Under section 48(1) of the FOI Act, the Minister may draw up and publish guidelines for the effective and efficient operation of the Act to assist bodies in the performance of their functions under the Act. Section 48(3) of the FOI Act provides that FOI bodies "shall have regard to" such guidelines when performing their functions under the FOI Act. The Minister has produced Guidance relating to section 37(8) and the Regulations.
The Minister’s Guidance notes that the 2016 Regulations require that regard must be had to "all the circumstances" when a decision maker is considering whether the public interest would, on balance, be better served by granting the request of a spouse or next of kin. It provides that in reaching a decision on an individual case, the decision maker should therefore take the following factors into consideration:
whether the deceased would have consented to the release of the records to the requester when living,
the nature of the relationship of the requester to the deceased and the circumstances of their relationship before the deceased's death,
The parties’ arguments
I have already summarised the applicant’s arguments and contentions.
The HSE says that the records are of a sensitive and intrinsically private nature. It says also that the Medical Council guidelines are that medical information remains confidential after death. In addition, it believes it is unlikely that the applicant’s father would have agreed to the release of his records.
Analysis
The Regulations do not provide for the release of records solely because the applicant is her father’s next of kin. Neither do they provide for the release of records on compassionate grounds.

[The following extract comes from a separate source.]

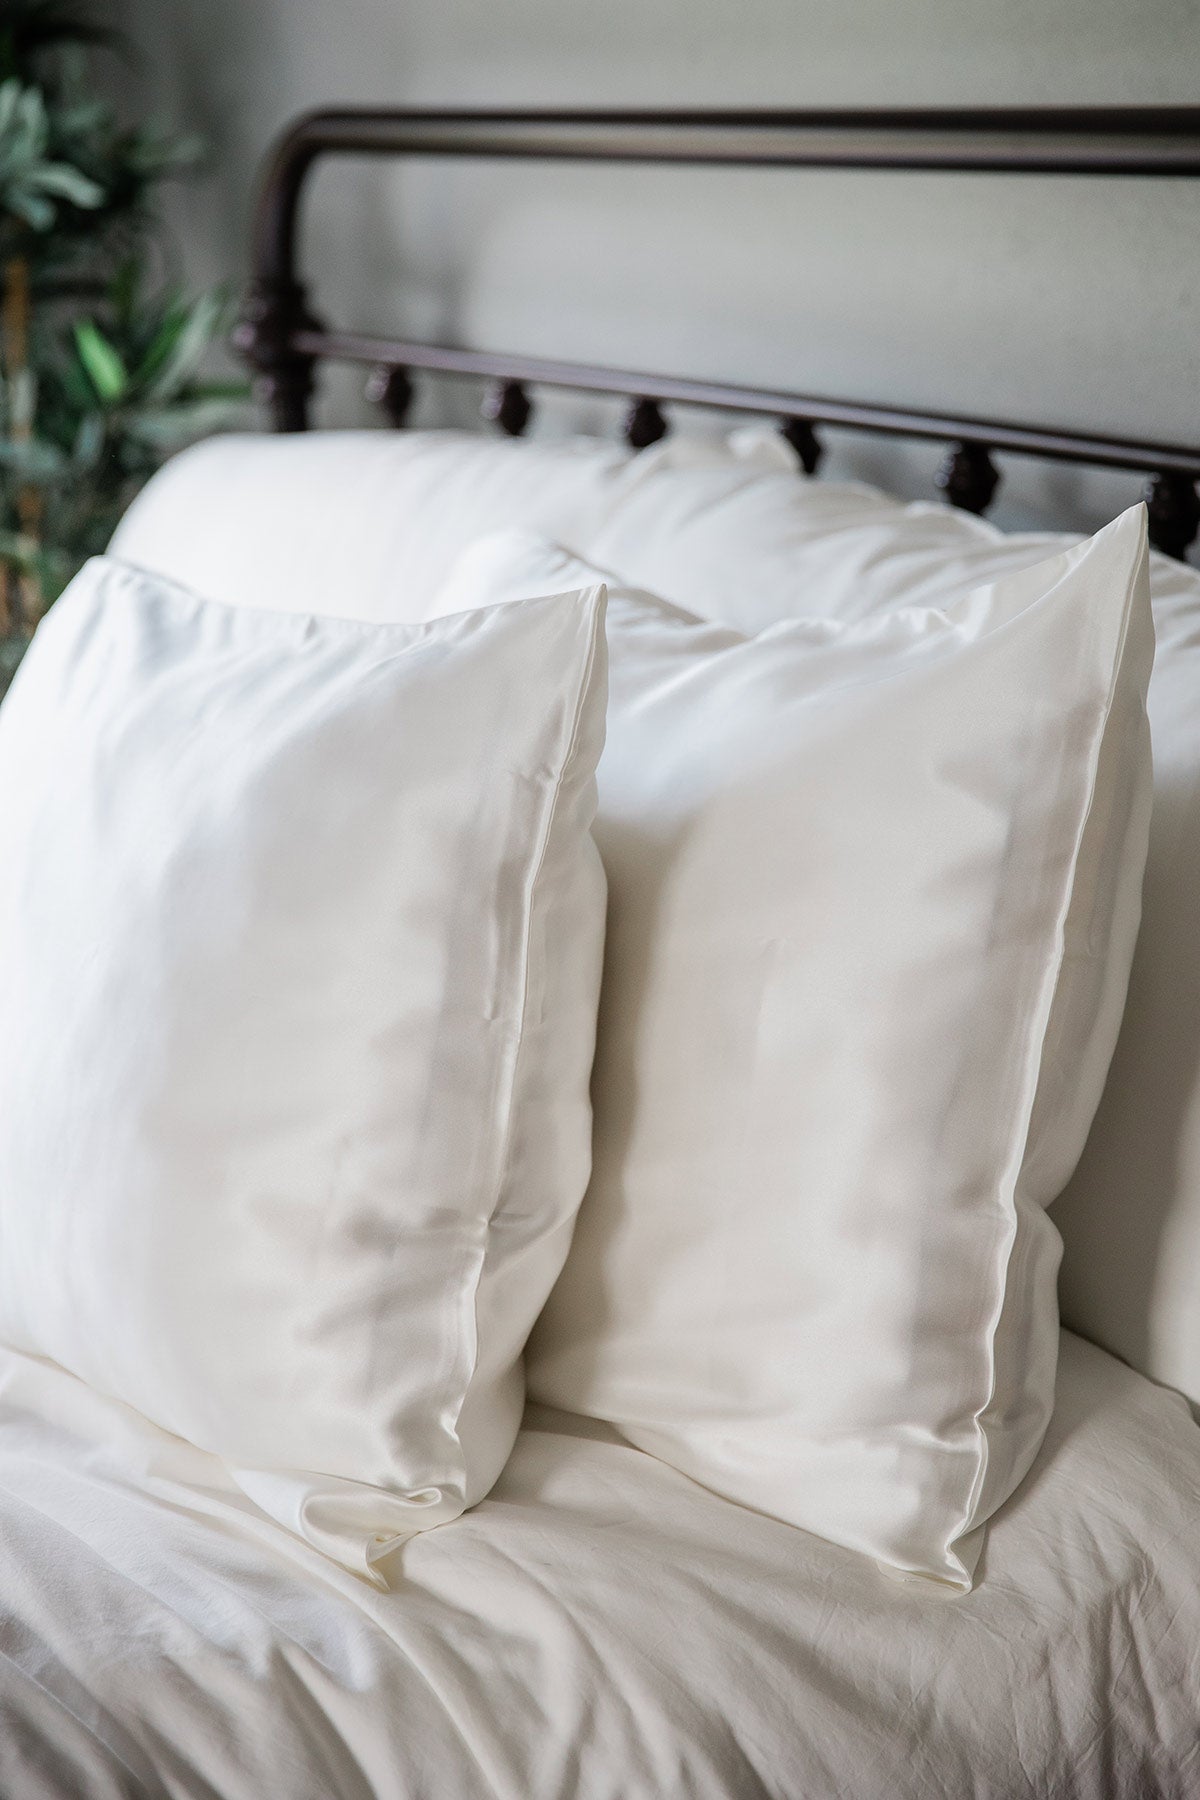 A pair of pillows enshrouded in Yala Charmeuse Pillowcase Set in Natural White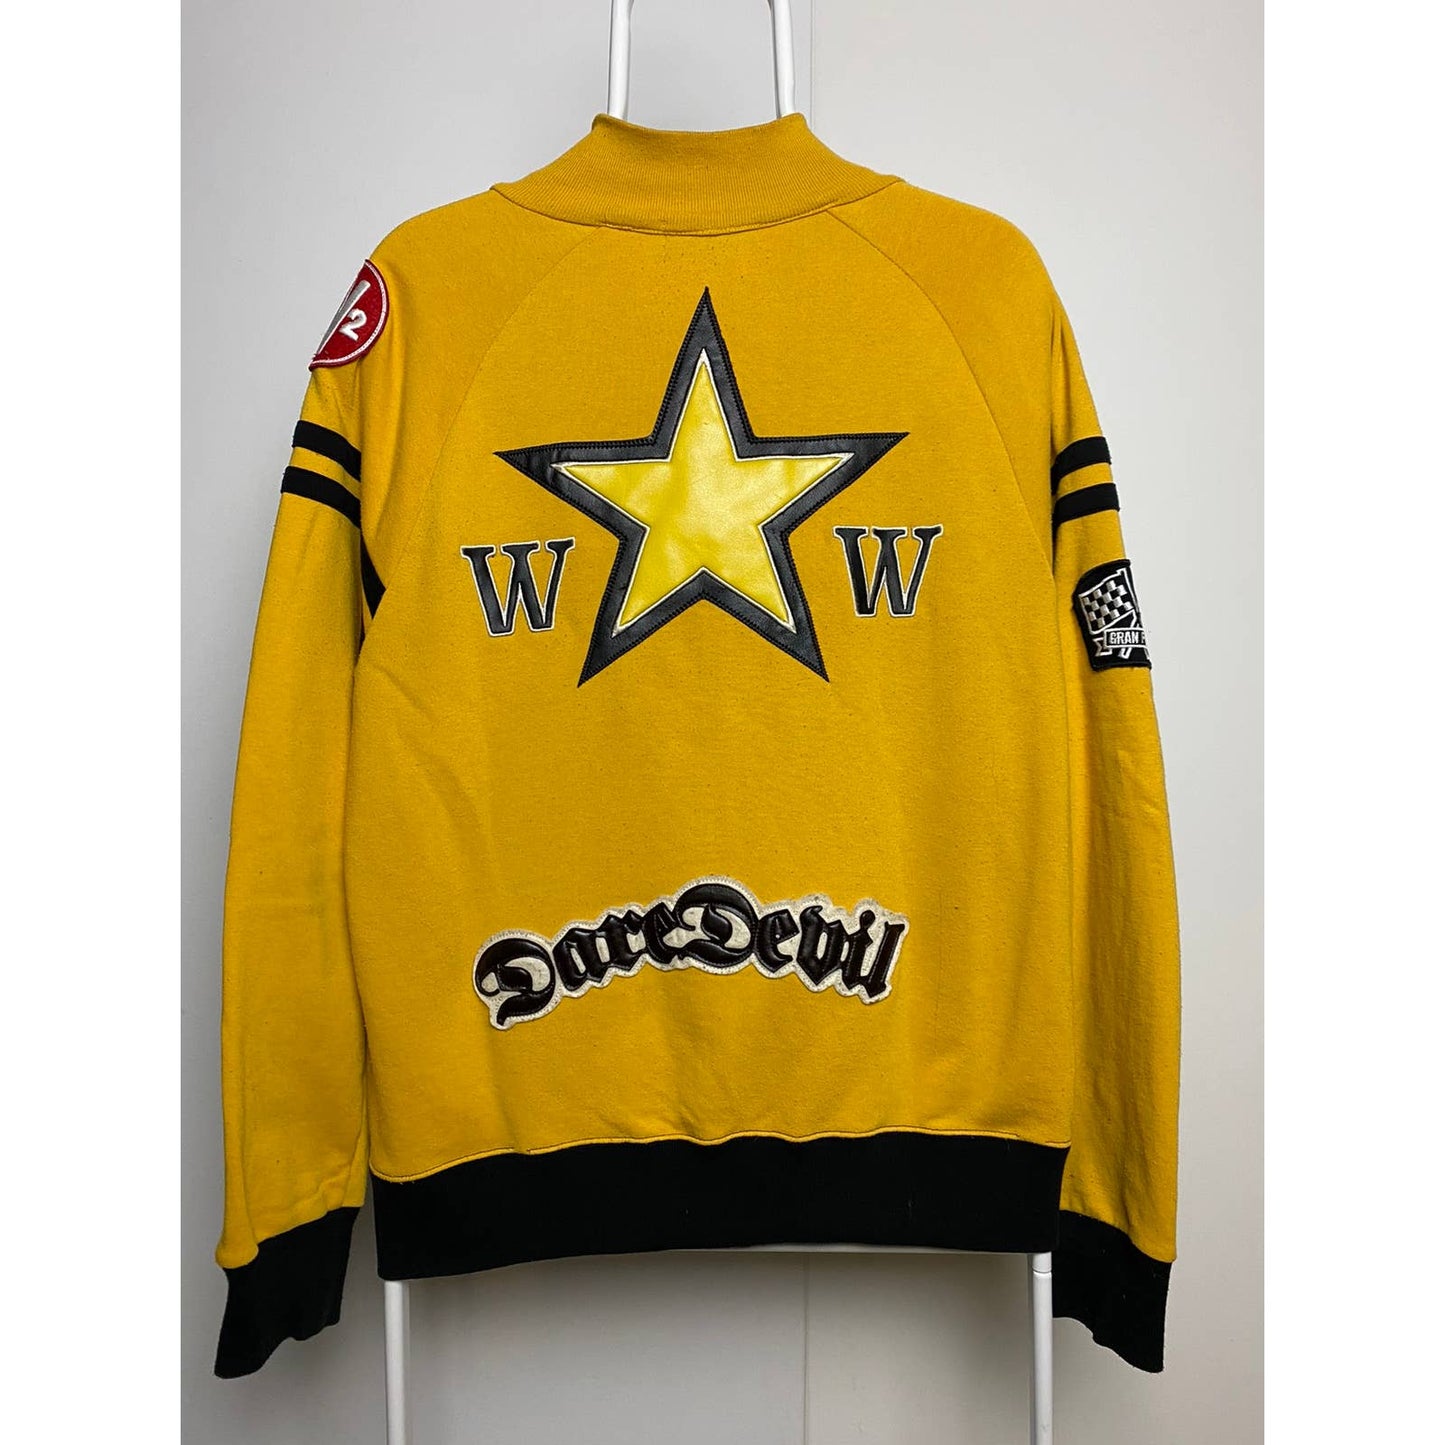 Rockers vintage Racing yellow zip sweatshirt blue one

I note the various circumstances put forward by the applicant as relevant in this case, including that she attended various appointments with her father, that medical professionals spoke openly with her about her father in those visits, and that she cannot gain a better understanding of the relevant practice’s care and treatment of her father without access to the requested records. As noted earlier, she also contends that any letter there may be on file from her father, instructing the GP practice not to give her access to his medical files or information, must have been written under duress or by someone other than her father.
On the other hand, the applicant does not appear to dispute the sensitive nature of her father’s personal information generally. In any event, I accept that the personal information in the records remains very sensitive, and inherently private and confidential. Furthermore, having regard to the records and the HSE’s submissions, which I cannot detail here due to the requirements of section 25(3), I accept the HSE’s position that consent would not have been forthcoming from the applicant’s father when living.
Having carefully considered all of the circumstances in this case, I am satisfied that the public interest would, on balance, be better served by refusing the request. I find that the applicant is not entitled to access to the records at issue further to the Regulations made under section 37(8) of the FOI Act.
Having carried out a review under section 22(2) of the FOI Act, I hereby affirm the HSE’s decision on the basis that section 37(1) of the FOI Act applies to the requested records.
Section 24 of the FOI Act sets out detailed provisions for an appeal to the High Court by a party to a review, or any other person affected by the decision. In summary, such an appeal, normally on a point of law, must be initiated not later than four weeks after notice of the decision was given to the person bringing the appeal.